Back at the camp, the aroma of delicious chicken curry, spicy chhole and piping hot rasam beckoned us. Still in our wet clothes, we attacked the yummiest food we have had in a long time. Stuffed to the gills, we hung ourselves out on the hammocks to dry. After a brief rest, we took off on a short hike into the woods. Unfortunately, they couldn’t fix the mountain bikes so that activity was canceled. Went on a coracle ride instead, during which we scared a crocodile (yeah, right!). The crooner in our group filled the evening air with John Denver’s “Leaving on a Jet Plane” while the rest of us croaked “Row row row your boat, gently down the stream…”
The rest of the evening we lolled on the banks of the river, enjoying some barbequed chicken and salads, sat around a bonfire playing juvenile games from college. A round of “Truth and Dare” and “Two Truths and a Lie” revealed some dark and disturbing secrets. A blood oath prevents me from revealing the juicy bits here. Soon the frivolous banter turned into heated discussions about love, life and everything in between, which went on late into the night. We gained a lot of new perspectives and probably examined a few beliefs we had never questioned before. Basically, we were drunk.
By midnight, we crawled into our small tent and were off to Snoreville in 5 minutes. The weather was cool but not cold, cloudy but not rainy. They said generally the heat at the camp is sweltering, so I guess we were just lucky. After a peaceful sleep in the tents, woke up only at 6 to the sound of “Trekking at 7, saar. Please have tea and be ready!”.
This time we went up a short hill. We struggled in our Nikes and Reeboks while our guide leapt like a mountain goat in Hawai chappals.
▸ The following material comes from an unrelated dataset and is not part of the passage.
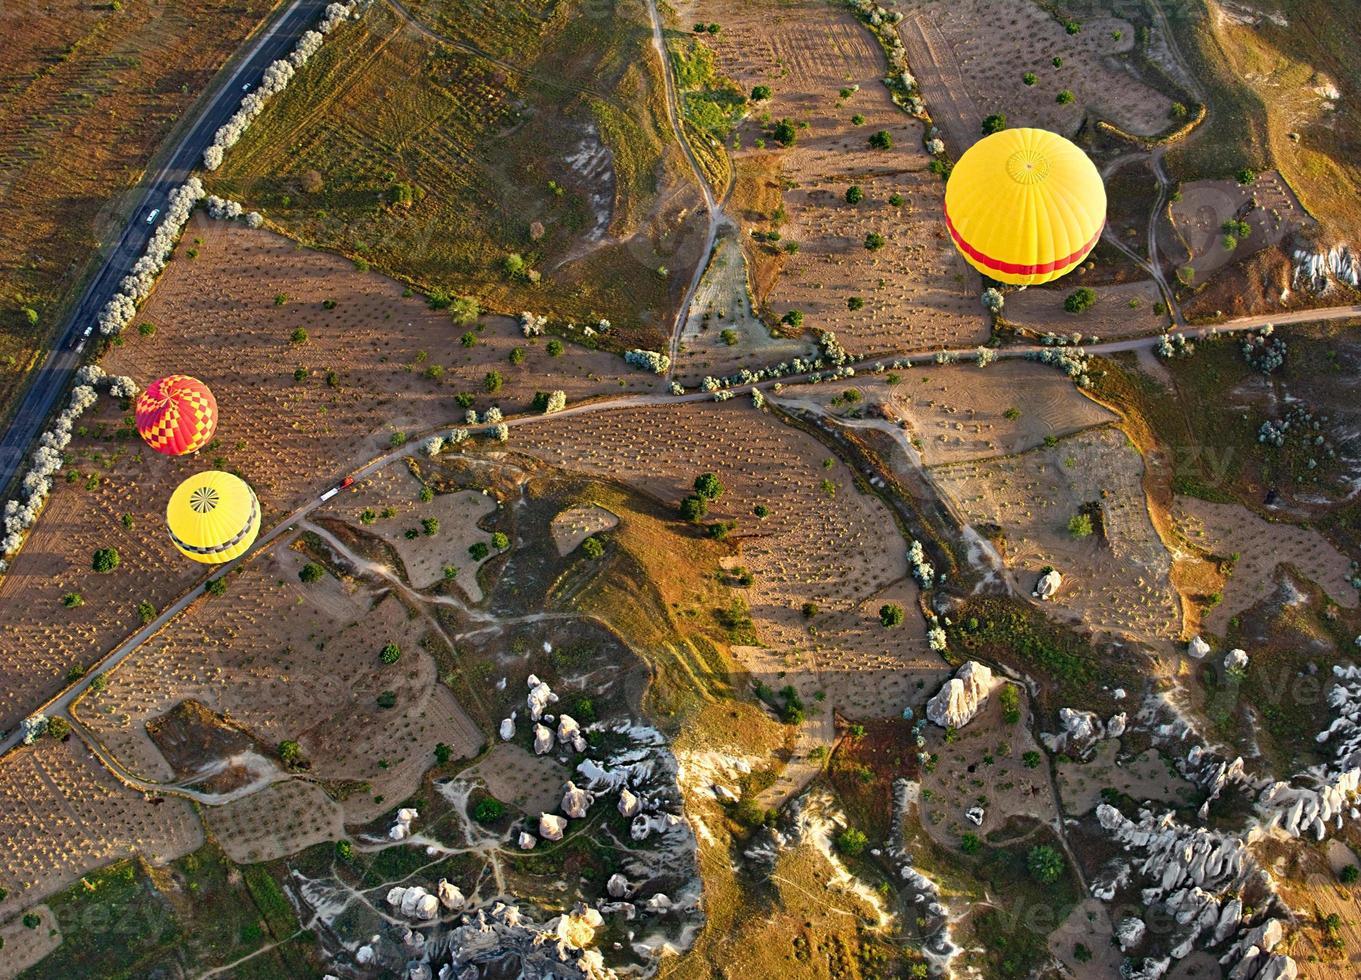 Balloon flight over ancient rocks, Cappadocia, Turkey. photo

The top gave a breathtaking view of the meandering river. It was so calm and peaceful, we felt like staying up forever (also to avoid ambling down those slippery rocks again!). The official lens-men took this time to capture some artistic shots on their digital SLRs, especially one of us being led down the hill by none other than MG him-(err.. her) self. See the pic.
After all this exertion (especially for someone, uh… healthier, like me), breakfast never tasted better.They had the freshest bread and monster omelletes and to-die-for chutneys and... you get the picture, yeah!
Then it was time to leave. We bid a sad goodbye to the river, promising to return with our families soon. We thanked the staff (in cash AND kind) for the excellent service. The return journey was noisier, now that we were better friends than before. Singing and chatting, Bangalore came sooner than expected. Except for the final no-road stretch (about 10KM), the other 90KM has good road. Just the mad truckers and village-routes on Kanakapura Road keep you from relaxing.
We put ourselves back into managing release deadlines and top-lines, bottom-lines, knowing that the only "water-droplet on a leaf" we'd see for a long time now would be the Windows 7 desktop wallpaper. We said a silent prayer for the good people who dedicate their lives to maintaining such oasis of sanity and nature, away from barren information super-highways where Robotomized IT-wallahs like us journey without a destination.
As with every escape to nature, it's the getting back that feels like being 'recaptured' by prison guards.